Tag: MGM stock

  • MGM Resorts International (NYSE: MGM): A Casino Stock That Will Grow the Most By 2025

    The entertainment and leisure industry has a great many categories and domains to choose from, as an investor. The casino sector is an area that many investors show a preference for, given the high returns it typically offers. Contrary to popular belief, casino companies like MGM Stock do a lot more than the running of casinos. Such companies also operate resorts, racetracks, and skiing facilities across the globe. More recently, online gambling has been a growing phenomenon that has grown significantly beyond the anticipation of investors.

    As with any economic sector of high promise, investors face a problem: which stock to buy amid all the flashy names? In this article, we present MGM Resorts International (NYSE: MGM), one of the most prominent casino names, which is based in Las Vegas, USA. We have sufficient reason to believe that MGM stands apart from each of its peers in the industry, and is likely to grow the most by 2025. The company has shown a resilience that is yet to be seen amongst entities operating in the casino space. Below, we elaborate upon each of the factors which make MGM such a promising stock to buy now.
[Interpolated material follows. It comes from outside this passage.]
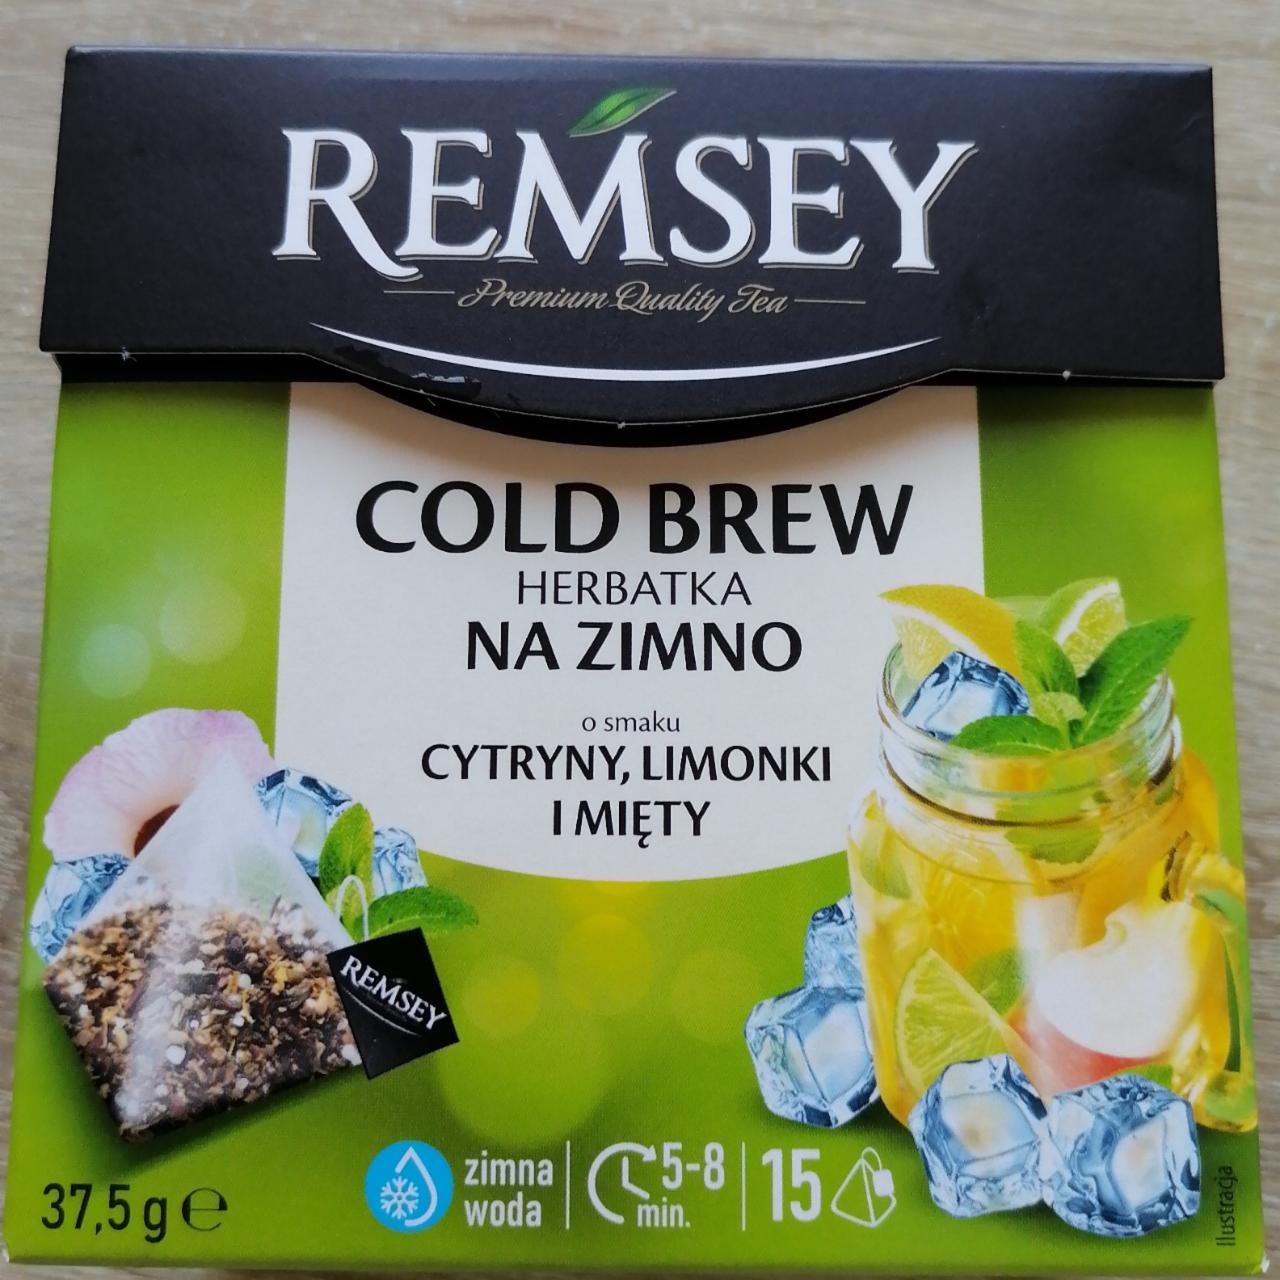 Fotografie - Cold brew na zimno cytryny limonki i mięty Remsey

    The Robust MGM Stock Business Model

    MGM Resorts International had historically structured its business by assuming the roles of both owner and operator. It would essentially fully acquire locations that it deemed to be suitable for its hotel resorts or casinos. In the previous years, however, its management decided to take a more capital-lite approach, of only operating these facilities, and hence enjoy a higher return on capital employed. A significant portion of its real estate assets and other facilities had been sold off to the investment management company, BlackRock Inc. (NYSE: BLK). This approach is a major factor that leads us to be confident in MGM’s superior growth prospects by the year 2025.

    By running its business model exclusively as an operator MGM stands as having a far more flexible and dynamic business approach, where opportunities for efficiency and higher profits can be fully exploited. The company stands in a better position to expand to areas where it deems strong demand for its services, without the need for capital-intensive investments. On the flip side of this, where specific locations are underperforming and coming at a loss to the wider business, MGM Stock can pack up shop, and reallocate its resources to a more efficient market.

    Market-Specific Factors

    Another crucial factor that plays into our assessment of MGM is where it positions itself in the broader casino and resort market:

    I. MGM’s Macau Exposure

    We begin discussions with its exposure to the Chinese city of Macau, which is said to be the casino hub of the east. Macau has been a weak point for MGM, as well as for every major casino player with operations there. With strict restrictions on Covid-19, the industry there had all but come to a standstill.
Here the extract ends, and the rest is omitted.